When it comes to football management, the conventional wisdom is that there is no conventional wisdom. Sure, Pep Guardiola may well have led the greatest team of all time to three La Liga titles and two Champions Leagues, and he may well on track for a third straight Bundesliga title at Bayern Munich. But had he been manager of Watford in 2007, would he have been able to match Aidy Boothroyd’s fine and noble achievement of reaching the FA Cup semifinals?
Sam Allardyce is wildly underappreciated, and not just in his own mind
Sam Allardyce has led Sunderland out of the relegation zone with three wins in five matches. Why is he so underappreciated?


Sure, Jürgen Klopp may have beaten the Bayern juggernaut and led Borussia Dortmund to back-to-back league titles and a Champions League final against all odds. But would he really have been capable of matching Glenn Roeder and leading Newcastle to the 2006 Intertoto Cup crown? Could they do it on a cold rainy night in Stoke? There'd be a few who'd tell you not.
Extreme examples, just maybe, but there's a sensible conviction underlying them: football management isn't a one size fits all job. There's plenty of evidence for this argument: Neil Warnock is brilliant at getting you up to the Premier League, but useless at keeping you there. Tony Pulis will stop you from getting relegated, but don't expect much more than survival. Thus, just as in physics, the search for a theory of everything, a single strand binding everything from tactical minutiae to motivational techniques goes on.
Or does it? One man would certainly argue that he'd found the answer, that he was football's answer to Stephen Hawking. That man is Sam Allardyce. A man who famously declared that if his surname had a little more Italianate exoticism, he'd be managing a Champions League club.
Over recent years, there have been plenty of managers who've tried and failed to cut it in the Premier League. On the one hand, there's André Villas-Boas, the equivalent of the high school smartass: a man armed with a book of equations but seemingly with the social acumen of Viz's legendary cartoon character, Mr. Logic. Most of us don't like Frank Lampard and John Terry either, but at least we'd have understood the value of trying to keep them on-side.
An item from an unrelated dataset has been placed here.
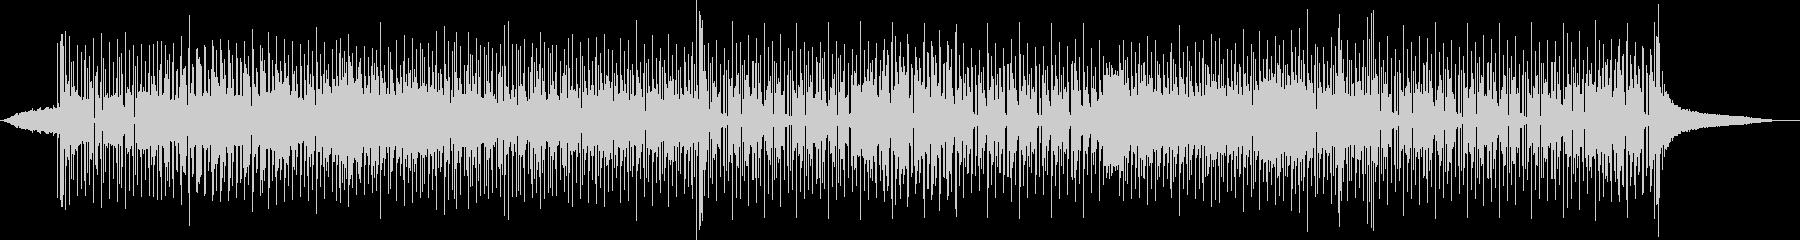 レトロなファンキーディスコの未再生の波形

At the other end of the spectrum, there’s “Tactics Tim” Sherwood: a man so nicknamed because of his complete and utter incompetence when it came to the technical side of the game, and tendency to bang on about his players’ passion, commitment, desire, spirit, heart, soul, boldness, braveness, courage and affectingly mettlesome constitution. Maybe not that last one.
Anyway, the best very best managers sit somewhere in the middle of the suitably scientific sounding Boas-Sherwood Continuum, forging strategically cohesive units with the discipline and inspiration required for the sustained intensity of a difficult campaign. And it seems Allardyce manages, almost always, to strike the right balance. Sadly, it’s impossible to prove that he really has found the footballing theory of everything. At least until he’s finally given that big job (I hear you could soon be looking for a new manager, Roman Abramovich ...). But his uncanny ability to get the job done suggests he has cracked the art, and at the very least, the art of Premier League mid-table management.
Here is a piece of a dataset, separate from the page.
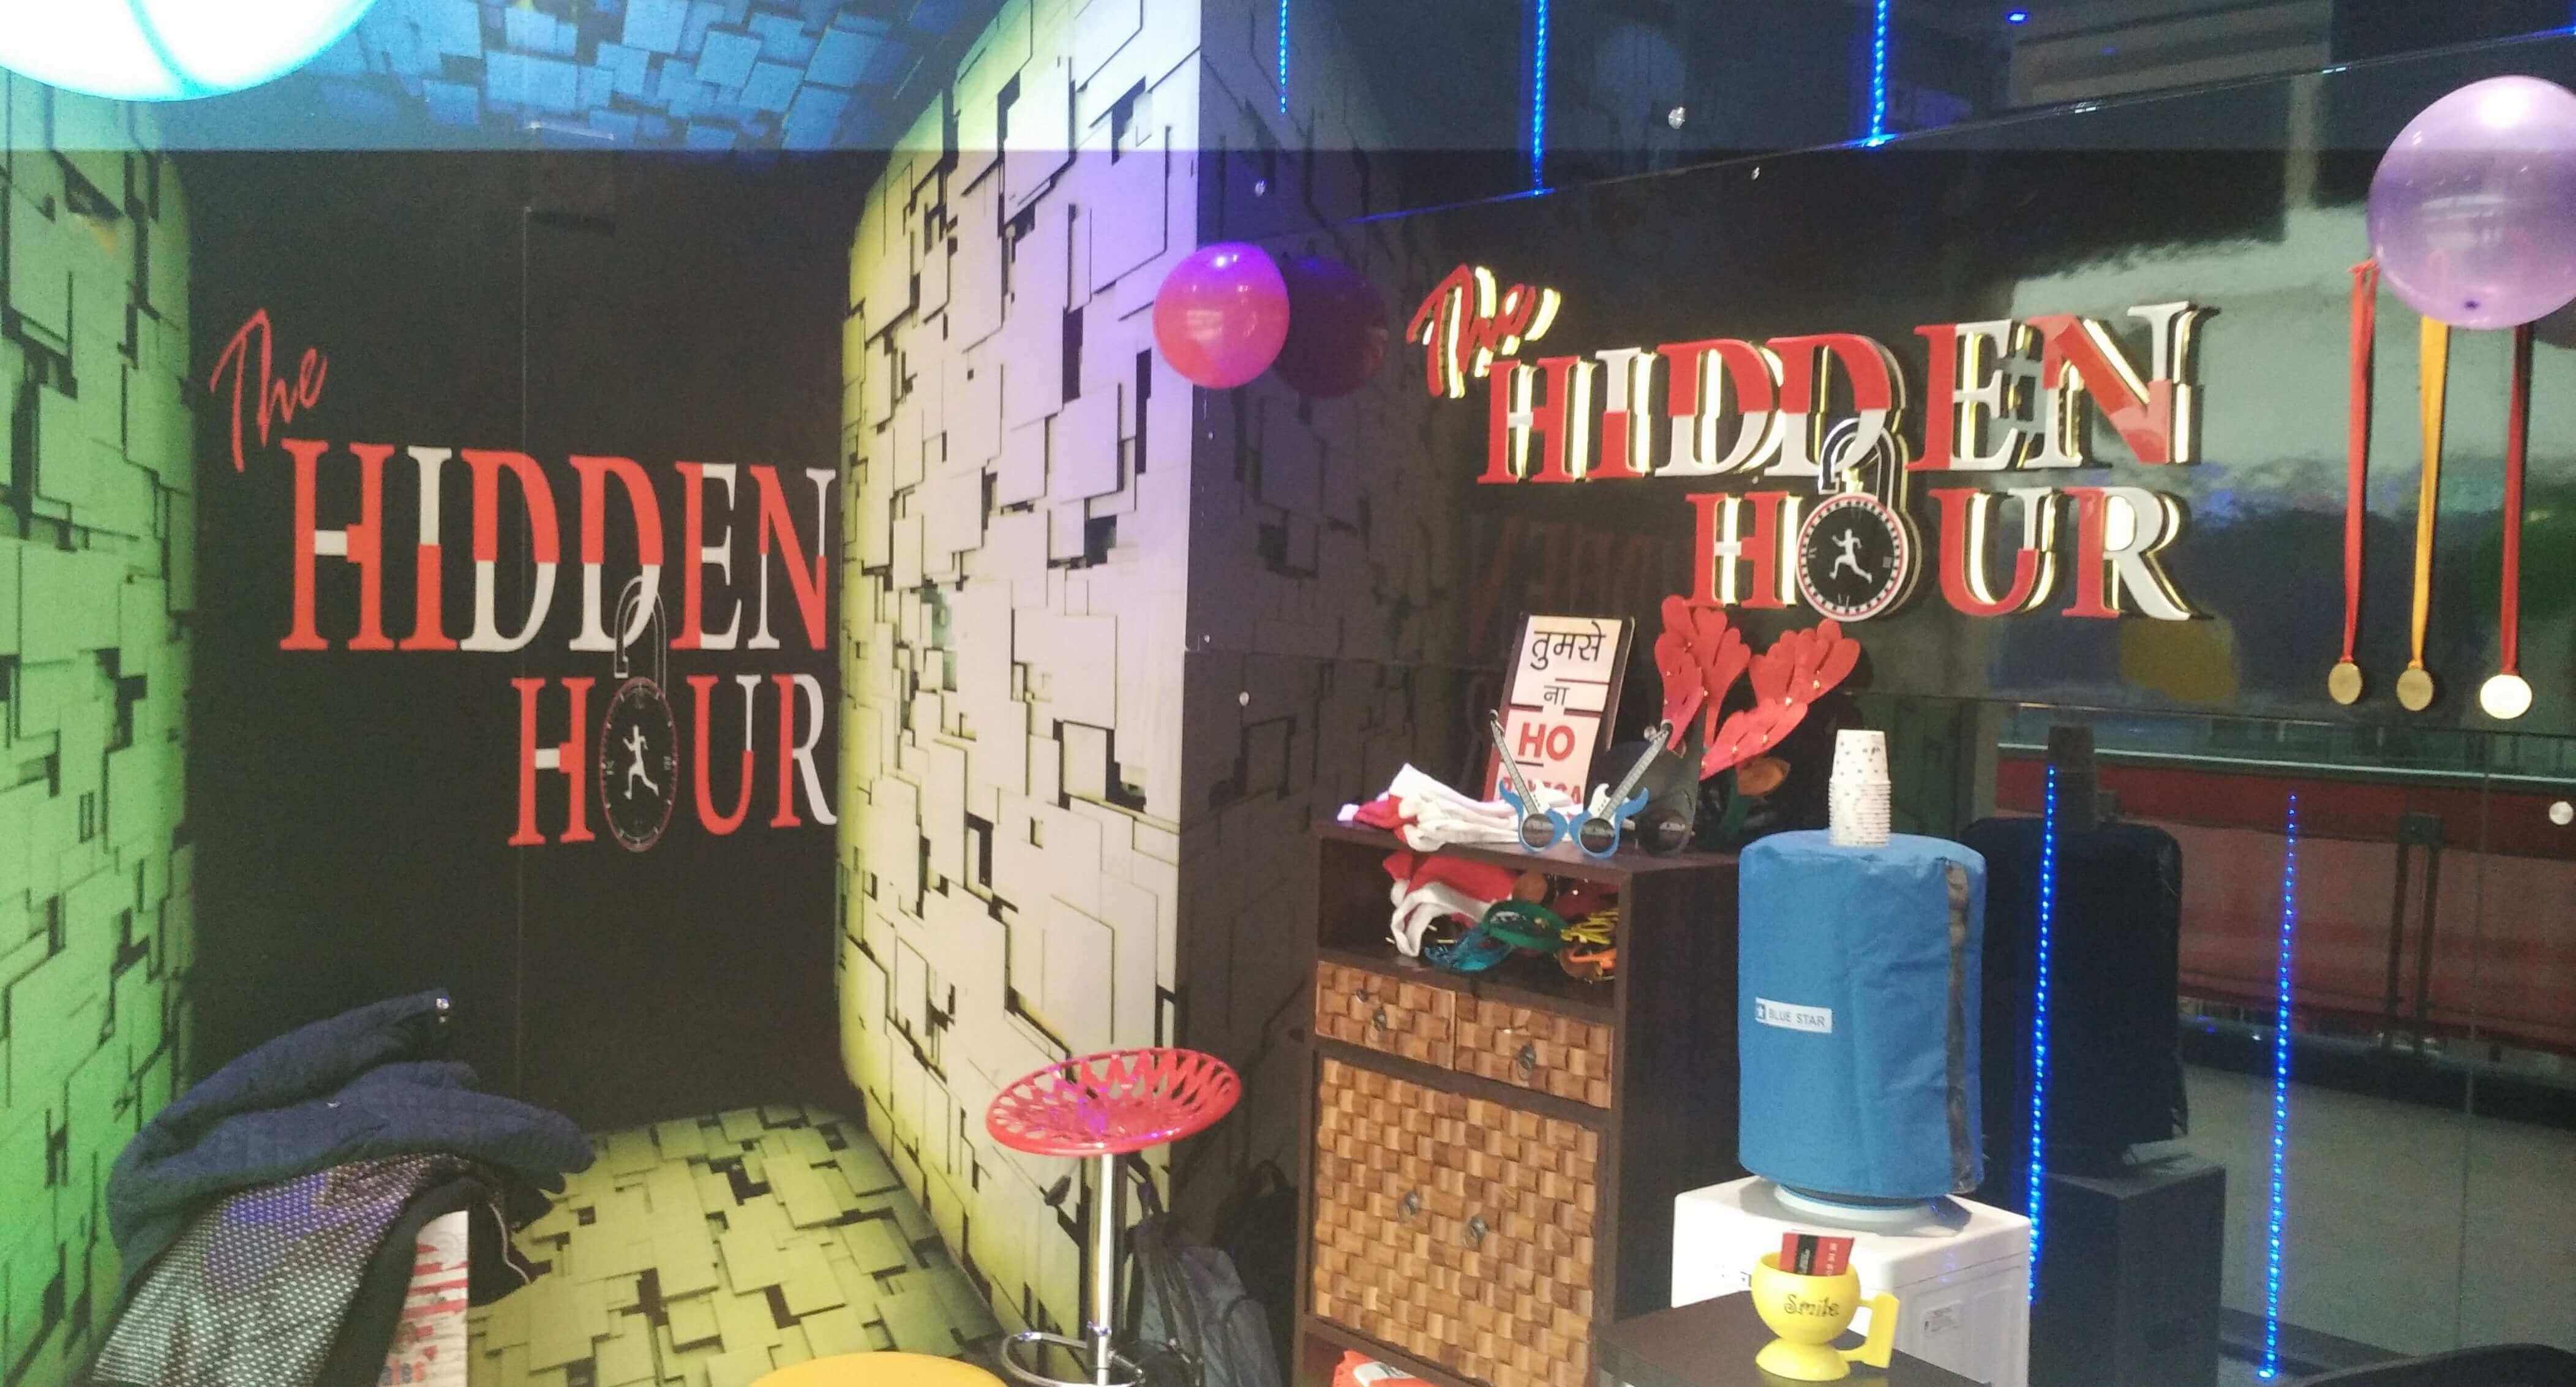 Hidden Hour Gurugram Review

When Dick Advocaat left Sunderland in October with the side having failed to win a single league game all season, the Black Cats looked in an exceptionally bad way. They looked set to be sucked into a relegation struggle for the fifth consecutive season, and had to find their sixth manager in that time. Who could succeed where Steve Bruce, Martin O'Neill, Paolo Di Canio, Gus Poyet and Advocaat had failed? They'd tried everything from the affable experience of Advocaat to the raging right-wing fist-pumps of Di Canio (a man who quite literally has a massive fascist tattoo on his back). Having exhausted plenty of options, it seemed their problems ran deeper than the man on the bench. Stories of a dressing room drinking problem hinted that they were much more serious.
Yet, when Allardyce arrived, it was difficult to doubt him. He seems to have a mystical power over the human psyche, one that would have allowed him to follow in the footsteps of Sir Alex Ferguson in giving post-retirement concert hall talks on the art of leadership to odious middle managers ... if only he'd got that damn top four job. Sure enough, Allardyce has so far turned a rag-tag bunch of overpaid journeymen and a smattering of foreign imports into something that much more closely resembles a football team. All three of their wins have come in the last five games, and they sit smack bang in the middle of the form table.
Big Sam’s doing what Big Sam does, and it would now be more of a surprise if Sunderland were relegated than if they stayed up. Considering their tendency over the last few seasons to survive only by virtue of an impossibly late escape, that in itself seems indicative of a significant improvement. As for Allardyce himself, well, it’s unlikely that he’s ever going to get that top four job. But that’s not going to stop him philosophizing with the best of them on everything from Tony Blair to the 3-5-2, and holding onto the dream that he’ll one day be appreciated as one of English football’s finest minds.